Personal information
- Full name: Nuno Miguel Manta Ribeiro Santos
- Date of birth: 25 July 1978 (age 48)
- Place of birth: Santa Maria da Feira, Portugal
- Position: Midfielder

Youth career
- 1993–1996: Sanfins

Senior career*
- Years: Team / Apps / (Gls)
- 1996–2007: Amigos Cavaco

Managerial career
- 2010–2013: Feirense (assistant/youth)
- 2012: Feirense (caretaker)
- 2015–2016: Feirense (youth)
- 2016–2019: Feirense
- 2019: Marítimo
- 2019–2020: Aves
- 2021–2022: Torreense

= Nuno Manta Santos =

Portuguese footballer and manager

Nuno Miguel Manta Ribeiro Santos, known as Nuno Manta or Nuno Manta Santos (born 25 July 1978) is a Portuguese football manager and a former player.

==Playing career==
Born in Santa Maria da Feira, he was known as Melão in his playing career as a midfielder. He represented G.C.D. Sanfins as a youth, and hometown club Juventude Atlética “os Amigos do Cavaco” as a senior, never any higher than the second regional level.

==Managerial career==
Manta worked in the ranks of his hometown's primary team C.D. Feirense, and he was the caretaker manager for one Segunda Liga game on 30 September 2012. He was assistant to José Mota at the now Primeira Liga club, before taking the reins when the latter was sacked in December 2016.
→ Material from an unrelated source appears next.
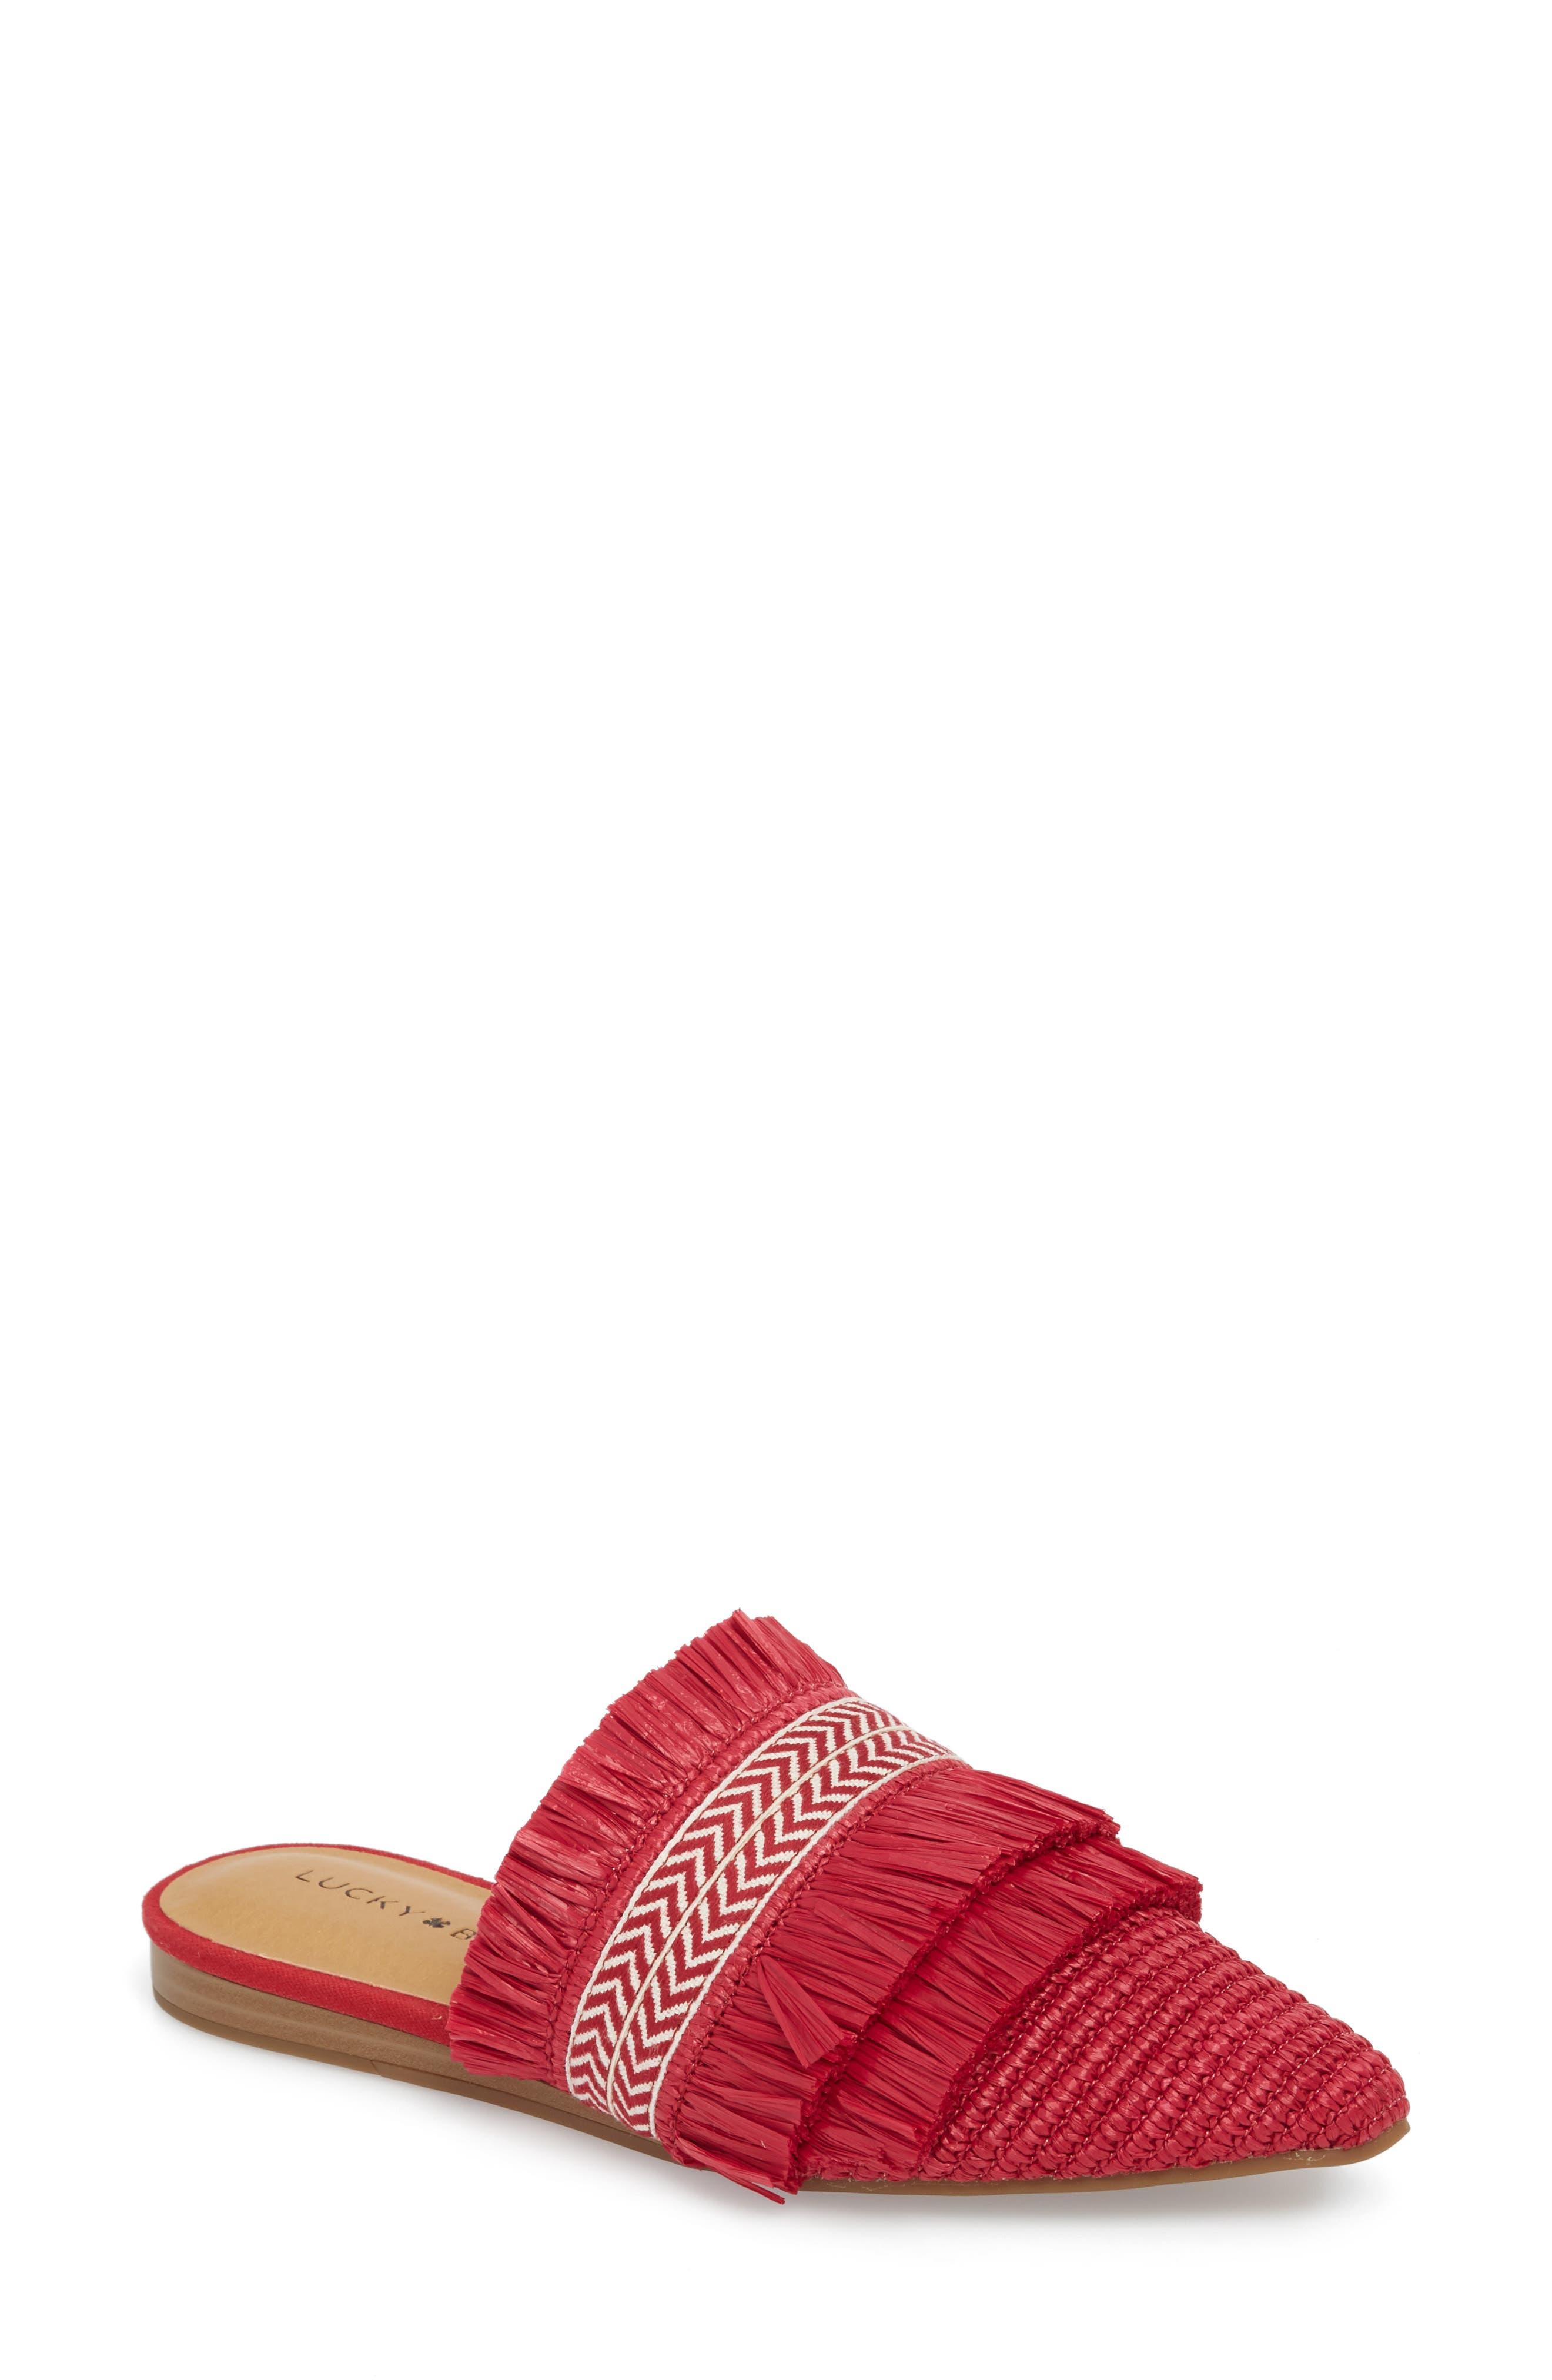 Baoss Mule,                         Main,                         color, Sb Red Leather

Feirense's fortunes improved under Manta, finishing in the top half in 8th place, and in his second season they just avoided relegation in 16th. On 4 February 2019, he was dismissed from Feirense with the club in last place after a 2–0 loss at Boavista FC, in a season that ended with relegation.

On 4 June 2019, Manta returned to the top flight, succeeding Petit at C.S. Marítimo. In his first game on 11 August, his team held Sporting CP to a 1–1 draw in Madeira. He resigned three months later, with the team in 14th and a record of three wins in 15 competitive games.
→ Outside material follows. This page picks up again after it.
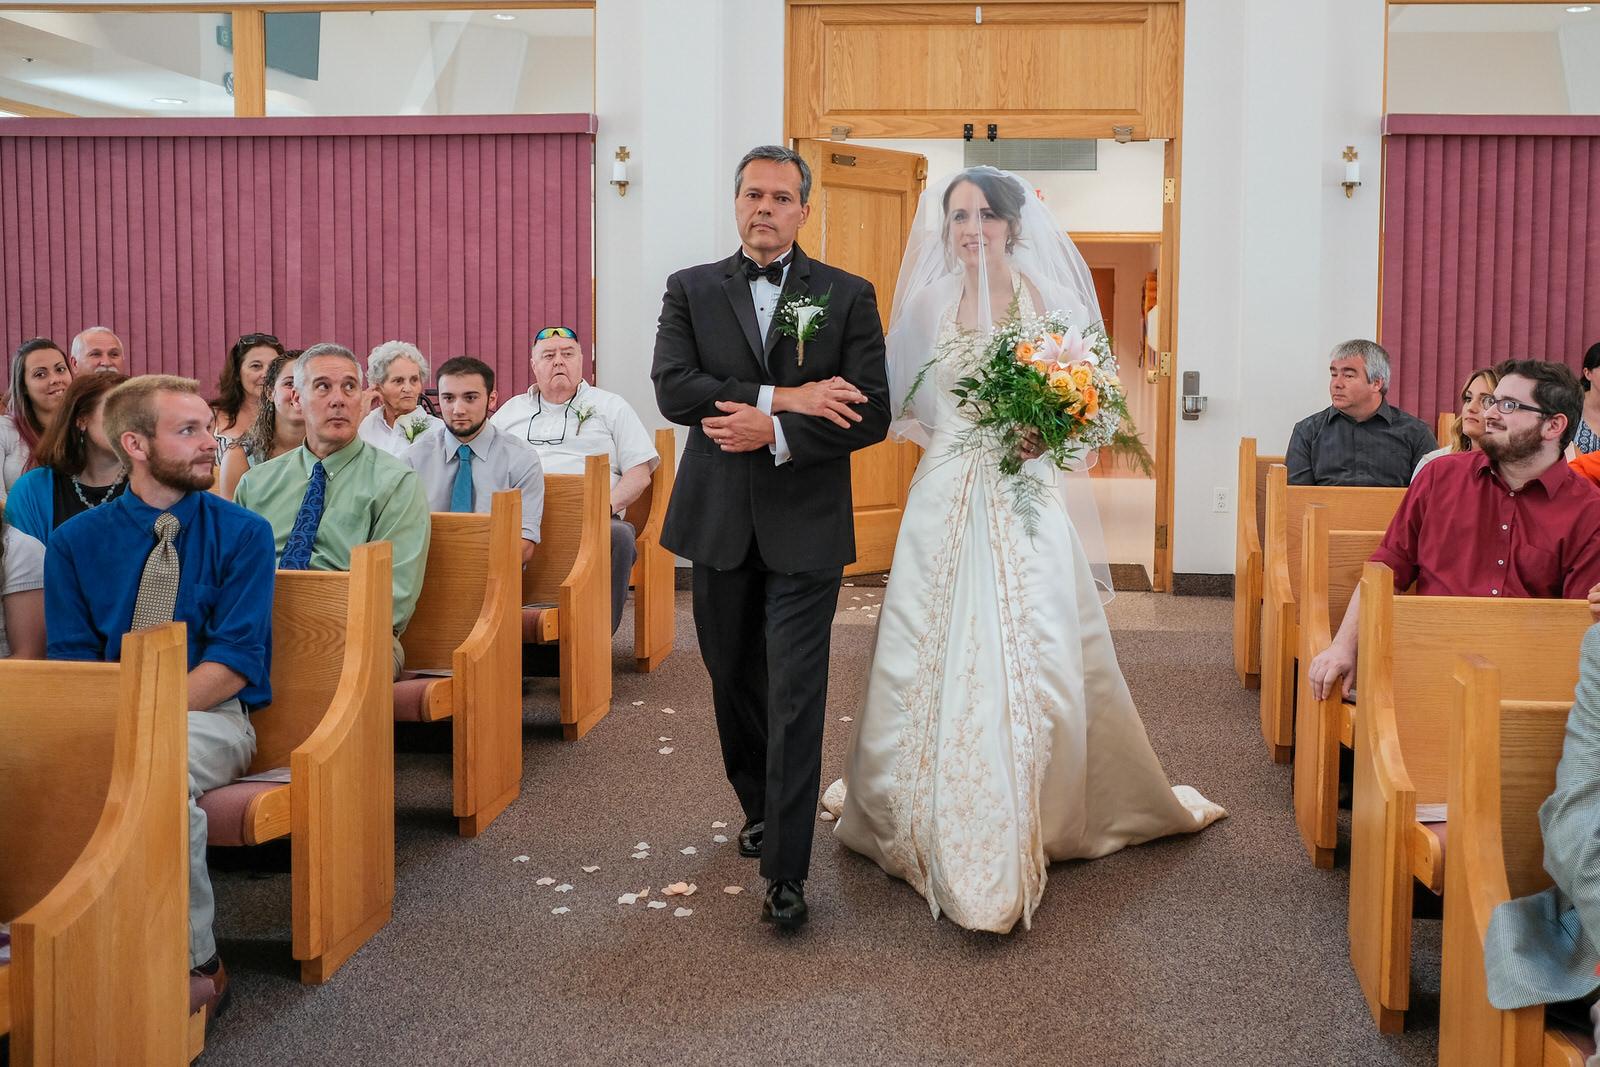 southern-nh-wedding-photography-254-1.jpg

Two days after leaving Marítimo, Manta was back in the top flight with bottom-placed C.D. Aves, on a deal until 2021. His team were relegated at the end of June 2020, with five games left to play; he was internally disciplined for using profanity to publicly describe the situation at the cash-strapped club. He and his entire coaching staff resigned in August.

In November 2021 he became the new coach of Sport Clube União Torreense, and at the same time achieved the club's unprecedented rise to the Portuguese second tier.